FRANKFURT • The slowdown in the Chinese car market, the world's largest, may be affecting the entire industry, but it will hit German makers the hardest given their strong presence there, analysts said.
At the Frankfurt Motor Show, which opened to the press on Tuesday and the public from today, German companies such as Volkswagen, BMW and Mercedes-Benz have the biggest stands, generally dwarfing those of their foreign rivals. But the impressive displays cannot hide the difficult position they find themselves in, despite the new dynamism of car sales in Western Europe and the United States.
"The golden years are over in China," said Mr Stefan Bratzel, director of the Center of Automotive Management. While car sales practically trebled in the world's No. 2 economy to 23 million units between 2007 and last year, they are projected to grow by just 35 per cent between last year and 2021, according to forecasts by consultants AlixPartners. Gone is the era of double-digit growth rates: After 14 per cent in 2013 and then 7 per cent last year, market experts are projecting growth of "around 3 per cent" this year.
"The normalisation of the Chinese market was expected," said Mr Elmar Kades at AlixPartners. But a slowing economy coupled with falling stock markets are putting additional brakes on sales of foreign-made cars in China. And German companies stand to feel the pinch the most, since they have long been present in China and earned huge profits from the explosion in demand there in the past.
"For years now, rivals could only see the tail-lights of their German competitors. But the air is getting thinner for them, too," said Mr Peter Fuss, car expert at consultancy firm EY. "Their strong dependence on the Chinese market could now be seen as an Achilles' heel."
China represents more than a third of their global sales for German heavyweight Volkswagen. That is a similar proportion to that of US rival General Motors. But the two are not equally placed when it comes to how they will cope with slowing demand. German expert Ferdinand Dudenhoeffer said that makers of cheaper, more affordable cars will fare better than their higher-end rivals. GM with its inexpensive Baojun is therefore in a better position than the German giant, which owns Audi, Porsche and Skoda.
At the end of July, Volkswagen - which has overtaken Toyota as the world's No. 1 car-maker - scaled back its sales targets given the situation in China.

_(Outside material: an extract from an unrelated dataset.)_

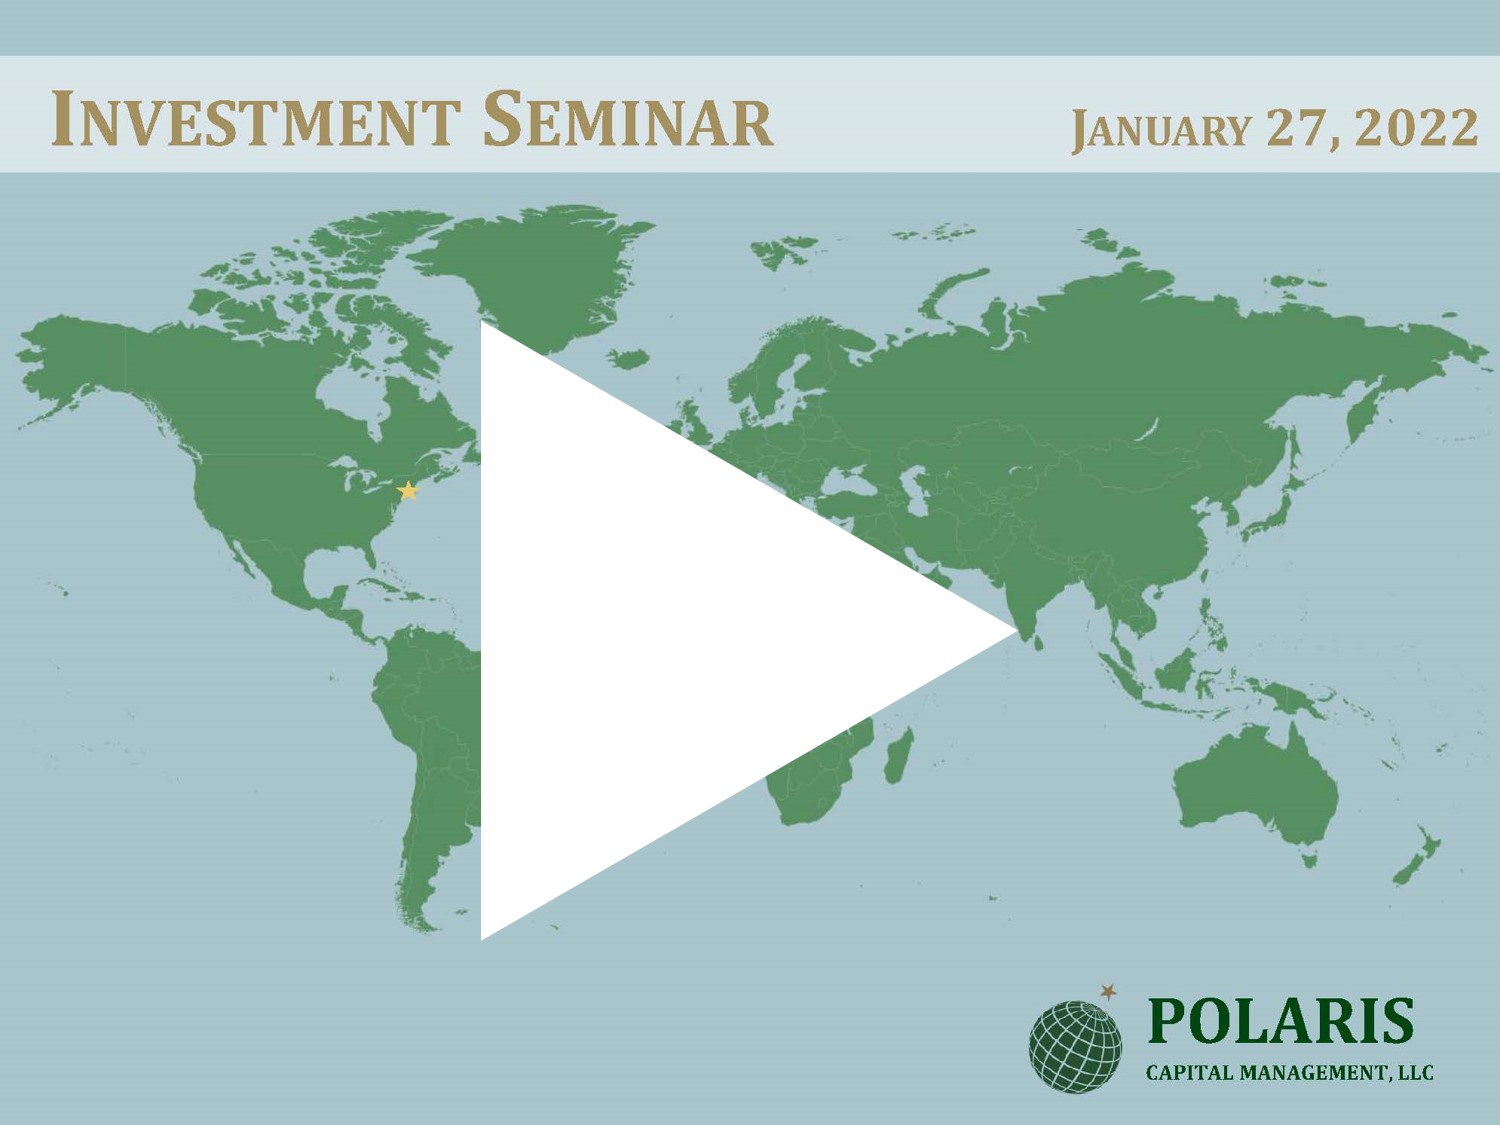 Click here to watch our 2022 Polaris Investment Seminar

Mr Dudenhoeffer predicted that the premium sector, dominated by German brands such as Audi, BMW and Mercedes-Benz, would see stagnant sales in China this year and a decline of 4 or 5 per cent next year.
Mercedes-Benz, which is owned by Daimler, is still something of an exception. For a long time it trailed behind rivals Audi and BMW. But a range of new products enabled it to notch up growth of 28 per cent in China during the period from January to last month.

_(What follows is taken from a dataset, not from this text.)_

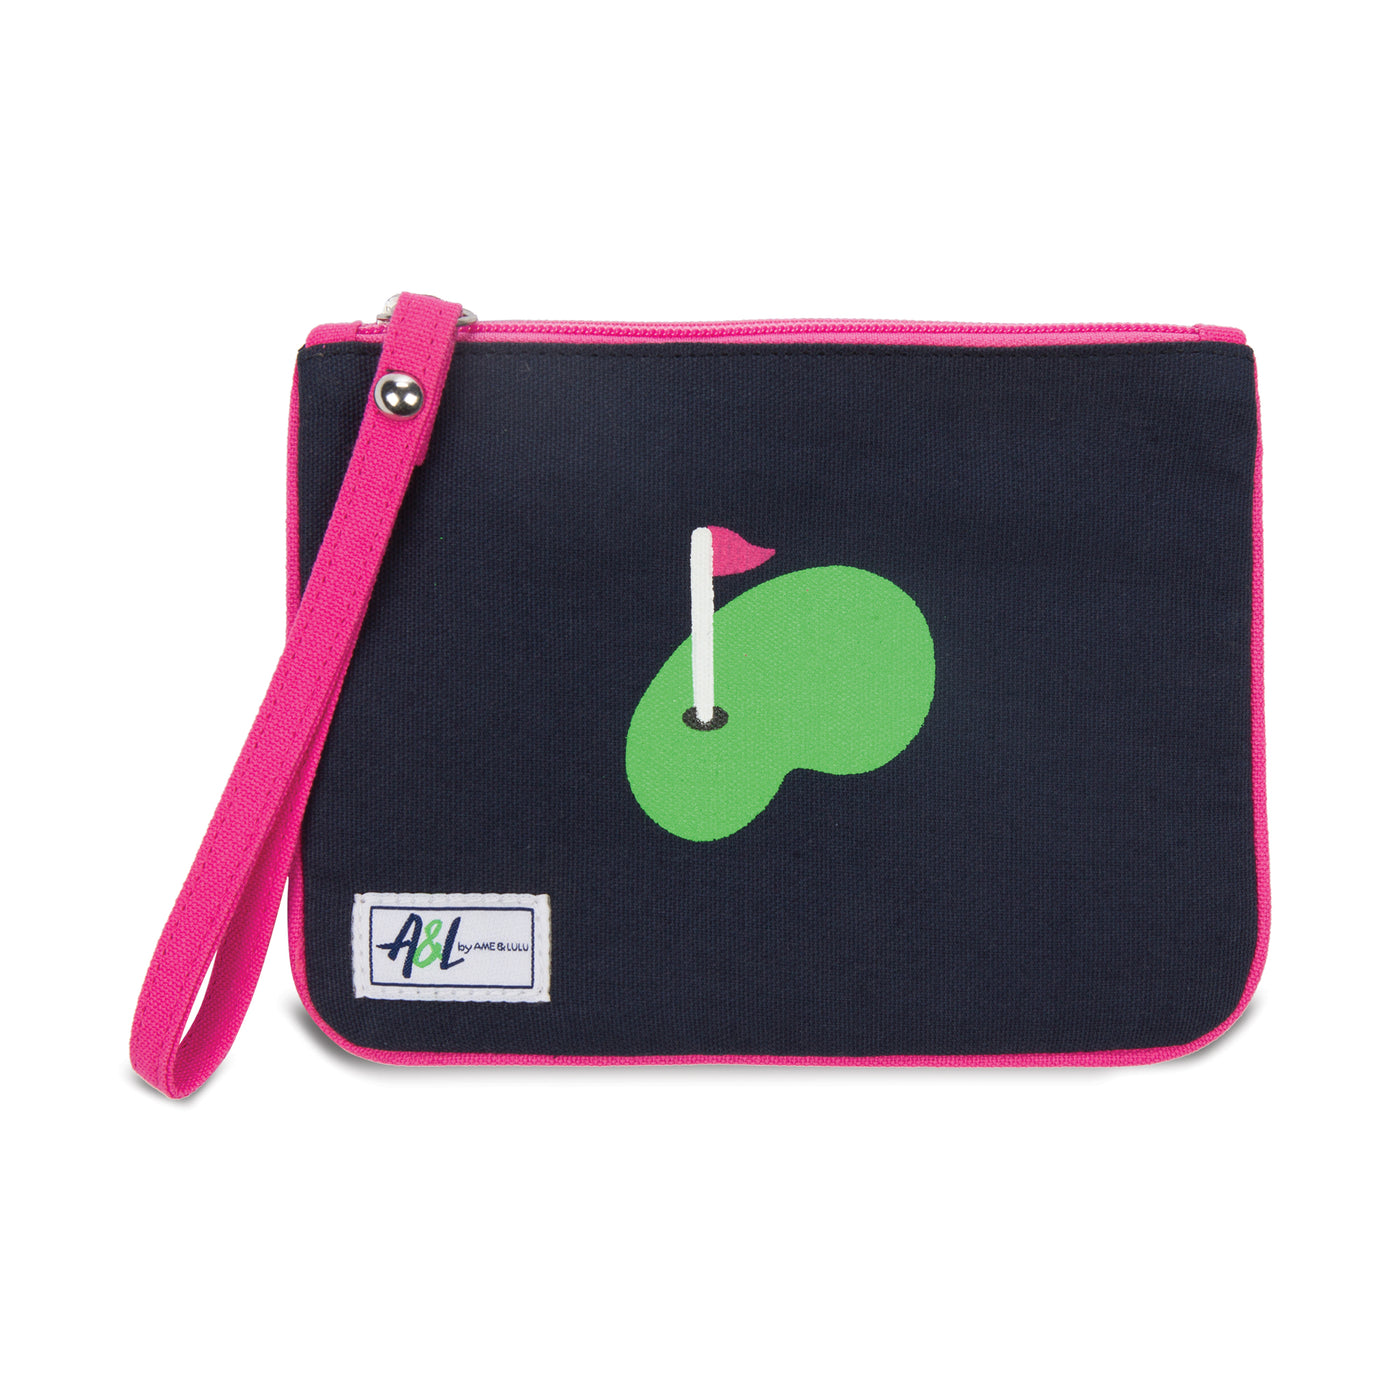 Small navy canvas wristlet with hot pink trim and strap. Front have a putting green and small pink golf flag printed on the front

By contrast, the other two are hurting, with Audi sustaining a drop in sales of 4.1 per cent in China last month, and a drop of 0.8 per cent in the first eight months. BMW saw its sales fall by 1.4 per cent last month, but managed to clock up a modest 0.9 per cent increase in sales in the first eight months.

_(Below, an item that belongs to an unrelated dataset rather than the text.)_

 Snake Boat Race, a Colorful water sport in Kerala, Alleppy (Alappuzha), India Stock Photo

Nevertheless, German car- makers were trying to put on a brave face at the motor show.
"Growth in China has slowed, without doubt. But I believe demand for mobility will remain very strong," said Volkswagen CEO Martin Winterkorn.
BMW chief financial officer Friedrich Eichiner agreed, saying that "despite the current development, China still has substantial growth potential". "We knew it couldn't go on forever. It was clear that we wouldn't always see high double- digit growth," he said.
With just 70 cars for every 1,000 people in China, compared to 500 for every 1,000 in Germany, there is still substantial potential for growth in the medium- and long- term, analysts said.
"It remains the most important car market in the world," said the head of the German car-makers' federation VDA, Mr Matthias Wissmann. "German makers continue to command a strong position. The goal is to hold on to that position."